V: We're in no danger of ever thinking any more.
E: Then what are we complaining about?
V: Thinking is not the worst.
E: Perhaps not. But at least there's that.
V: That what?
E: That's the idea, let's ask each other questions.
V: What do you mean, at least there's that?
E: That much less misery.
V: True.
E: Well? If we gave thanks for our mercies?

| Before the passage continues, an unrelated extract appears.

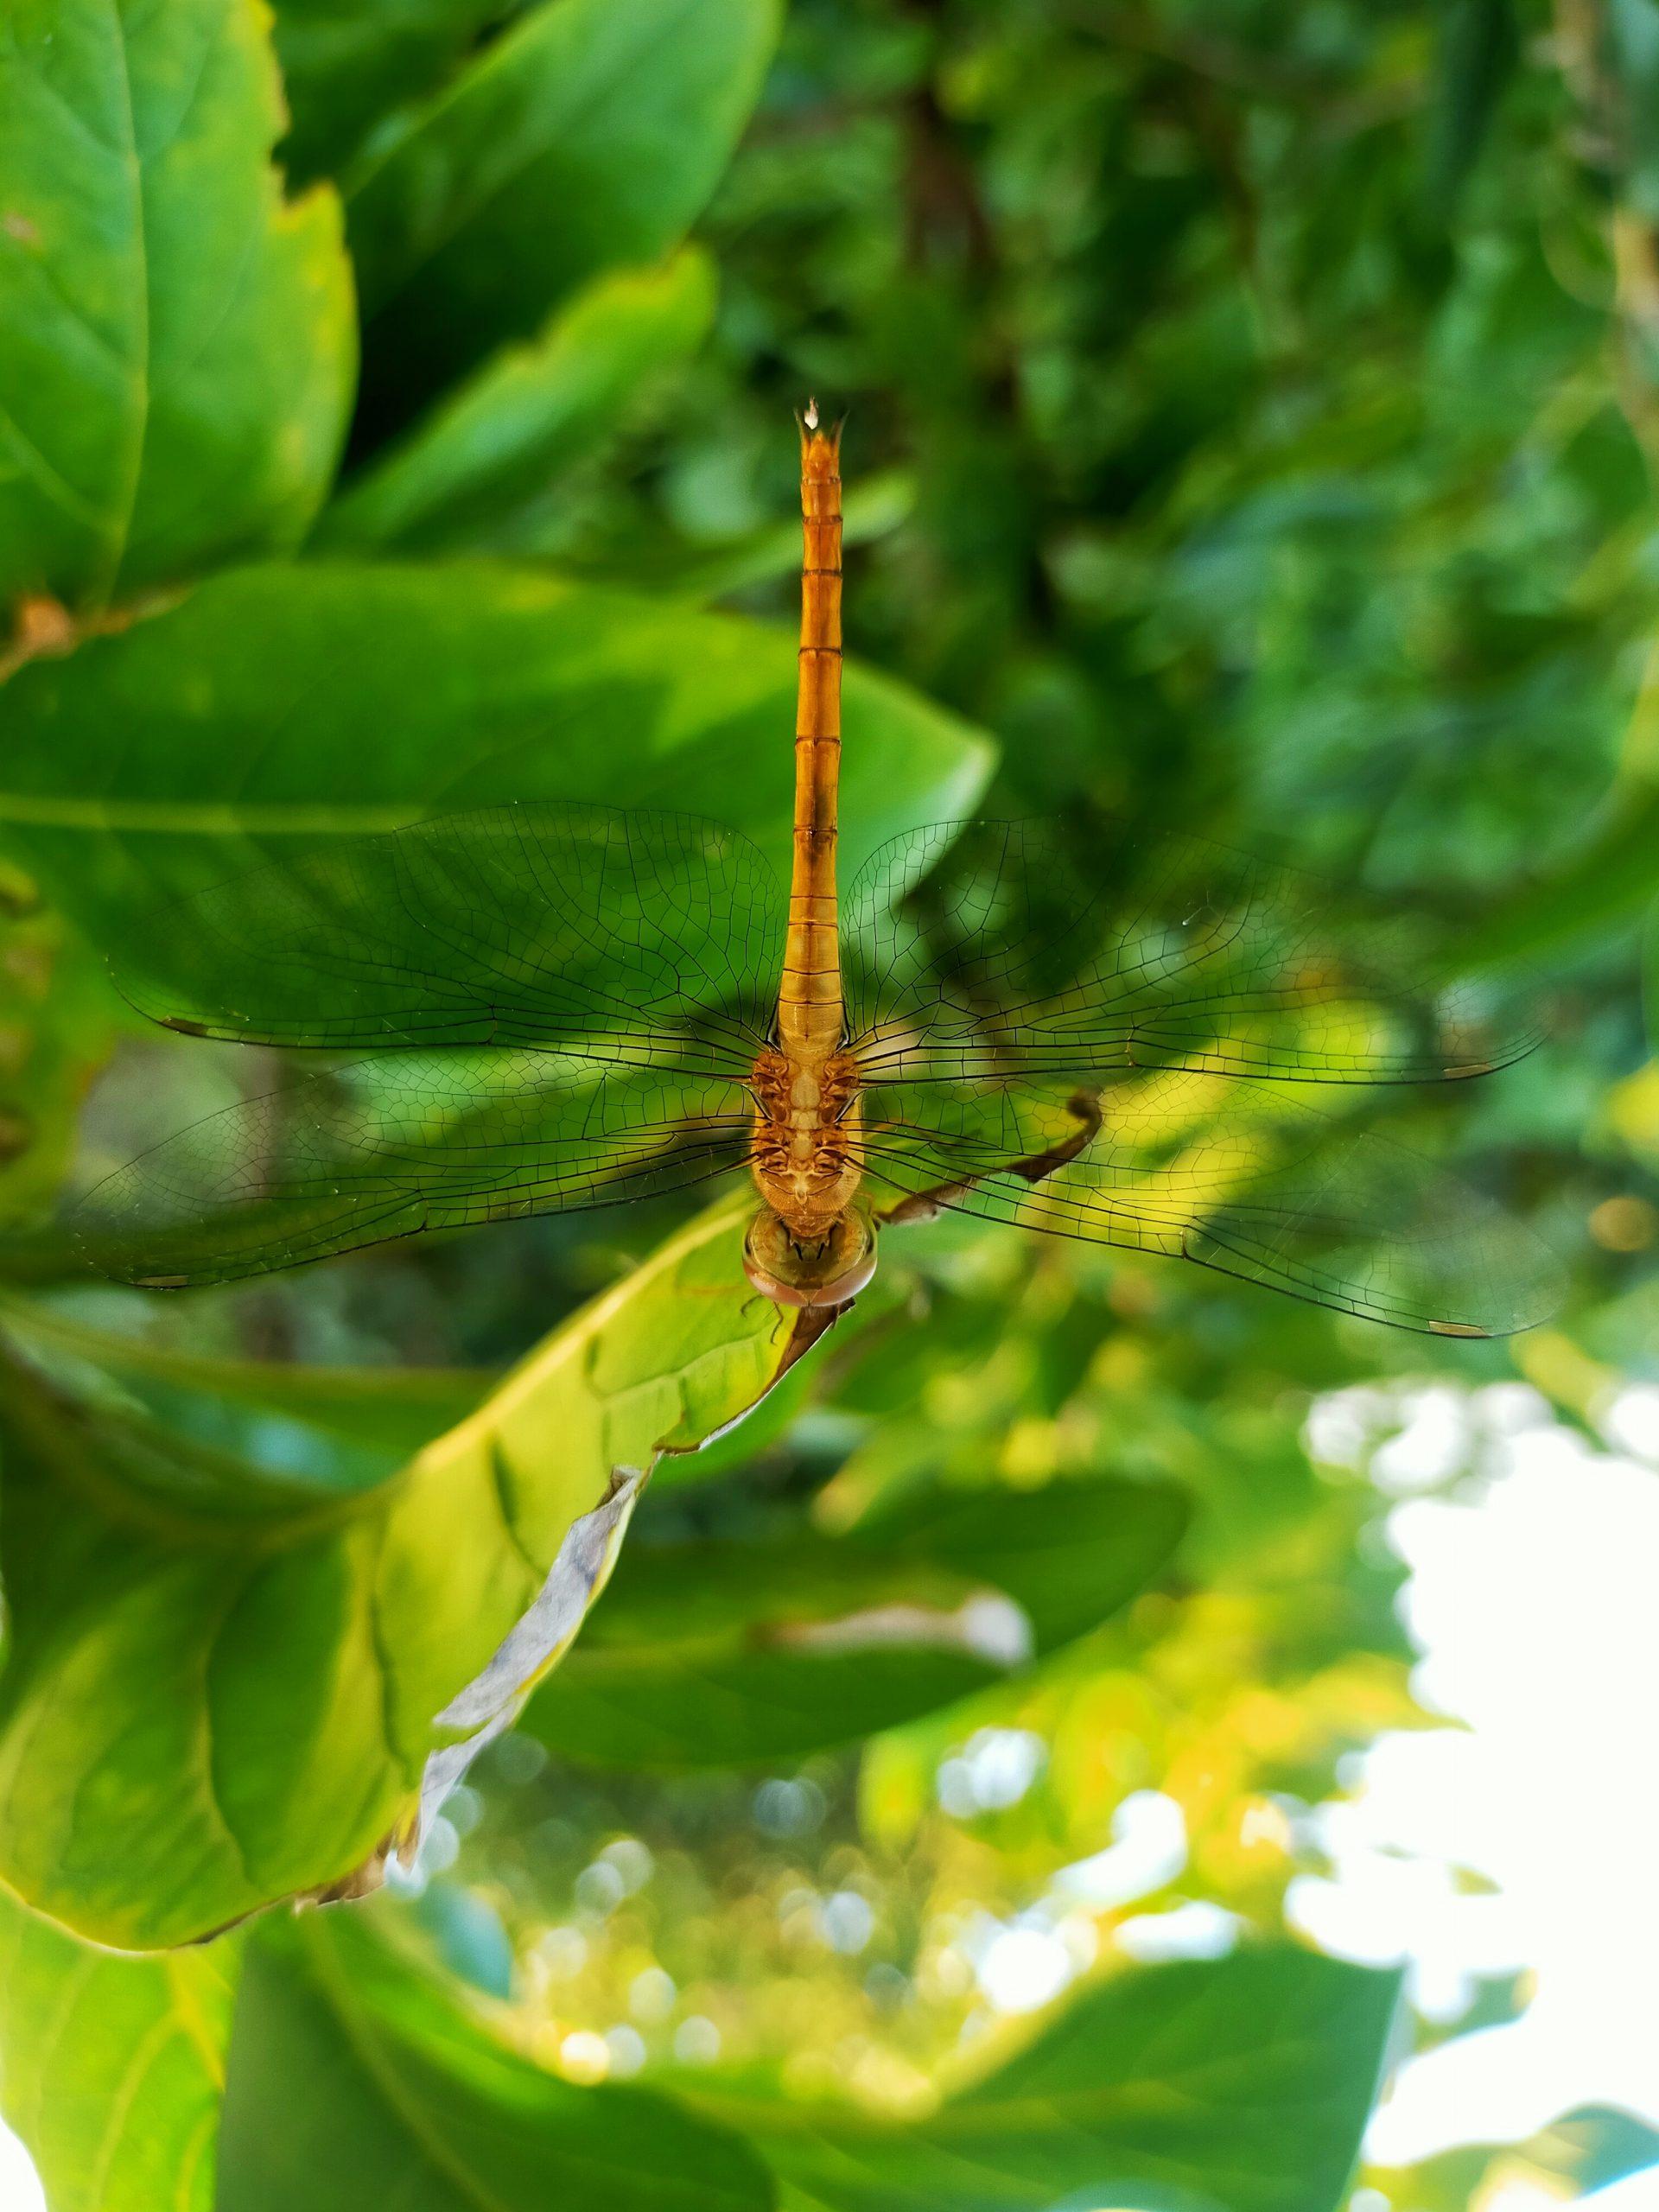 dragon fly on a leaf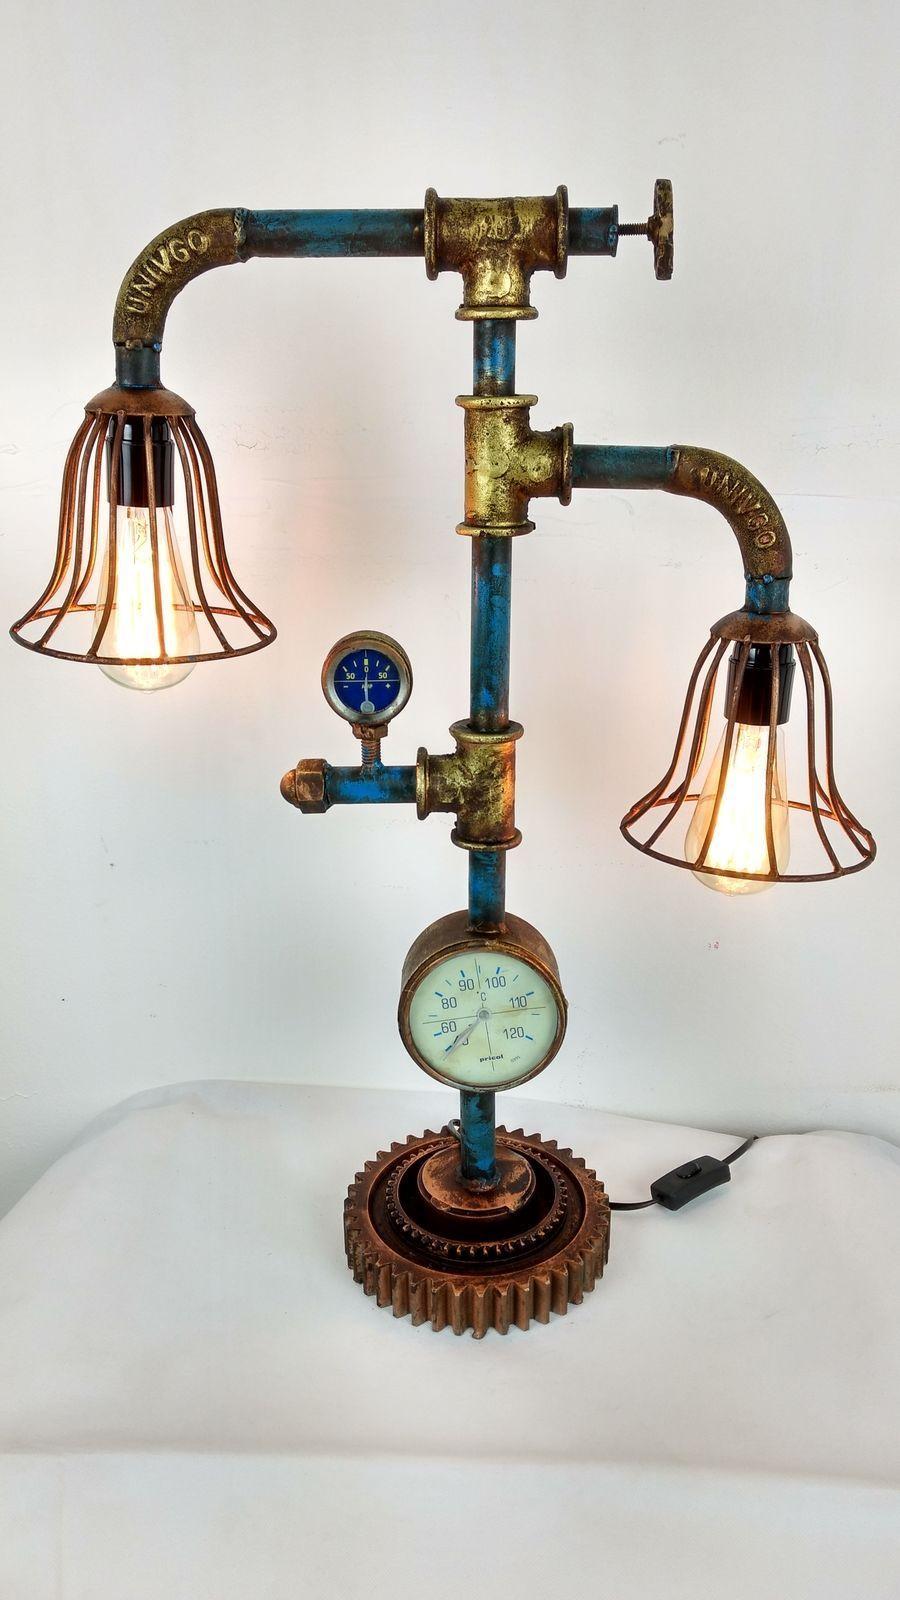 Lampe Aus Wasserrohren https://www.ebay.de/itm/industrie-design-lampe-aus-wasserrohren

V: What is terrible is to have thought.
E: But did that ever happen to us?
which brings up two MORE things (sorry). one, this play is LOL hilarious throughout. secondly it's the idea that V and E have to constantly talk in order to keep themselves from confronting the idea of their mortality, and of the realization that there is no afterlife or peaceful heaven awaiting them. there are some tragic moments near the end that combine these two themes:they go to the tree and E takes off his belt so that they can try to hang themselves. E's pants fall down to his ankles, which is comedic. but (at least in the film) it also creates a silhouette that makes E look like an elderly woman wearing a dress, and suddenly they morph into a very old couple, forgotten by everyone, conversing with each other nonstop because that's all that's left in the world - no god, no family, no friends, no support, just the other, just the conversation, avoiding the direct mention of death or poverty or meaninglessness, but always dancing around it. and then there are these great two lines:
E: I can't go on like this.
V: That's what you think.
ugh. UGH. it's too good. E and V dance around each other for two acts like balancing spinning weights, and then at times they come into close orbit and almost sing together, like this bit, again in the second act:
In the meantime let us try and converse calmly, since we are incapable of keeping silent. / You're right, we're inexhaustible. / It's so we won't think / We have that excuse. / It's so we won't hear. / We have our reasons. / All the dead voices. / They make a noise like wings. / Like leaves. / Like sand. / Like leaves. / They all speak at once. / Each one to itself. / Rather they whisper. / They rustle. / They murmur. / They rustle. / What do they say? / They talk about their lives. / To have lived is not enough for them. / They have to talk about it. / To be dead is not enough for them. / It is not sufficient. / They make a noise like feathers. / Like leaves. / Like ashes. / Like leaves.
anyway it's 2:30 am and i realize i'm just rambling now, but i'm very exciting to continue on through beckett's work, starting with the plays that are captured on Beckett on Film and then working through his novels. as (i think?) i mentioned near the beginning of this, near the end of his life he came up with Quad as an exception minimal performance piece for television around 1981, and i think it's absolutely brilliant, so i'm really exciting to see what he created in between the two. believe it or not i have other dumb things to say but i'll just stop
― Karl Malone, Monday, 22 September 2014 06:35 (ten years ago)
awesome post. this play didn't click with me until years later, basically until I read krapp's last tape which is v distilled and easily digestible and I still think is a good skeleton key for getting into beckett, at least the plays. the version with john hurt on that boxset i thought was p good overall.
been meaning to jump into one of this guys novels bc godot/happy days/krapp's are some of my favorite plays ever but his Books feel like too much of a slog to me, and while I'm aware that this is more my problem than his, my eyes still tend to scan right past those spines on my shelf when I'm looking for something to read next. somebody on one of these boards (maybe scott) said reading beckett made him "feel like a zombie" and I can identify with that, but I wish I didn't. anyways it's been a cpl years since I've had a go, maybe they or I have opened up in the meantime, you must go on I can't go on I'll go on etc.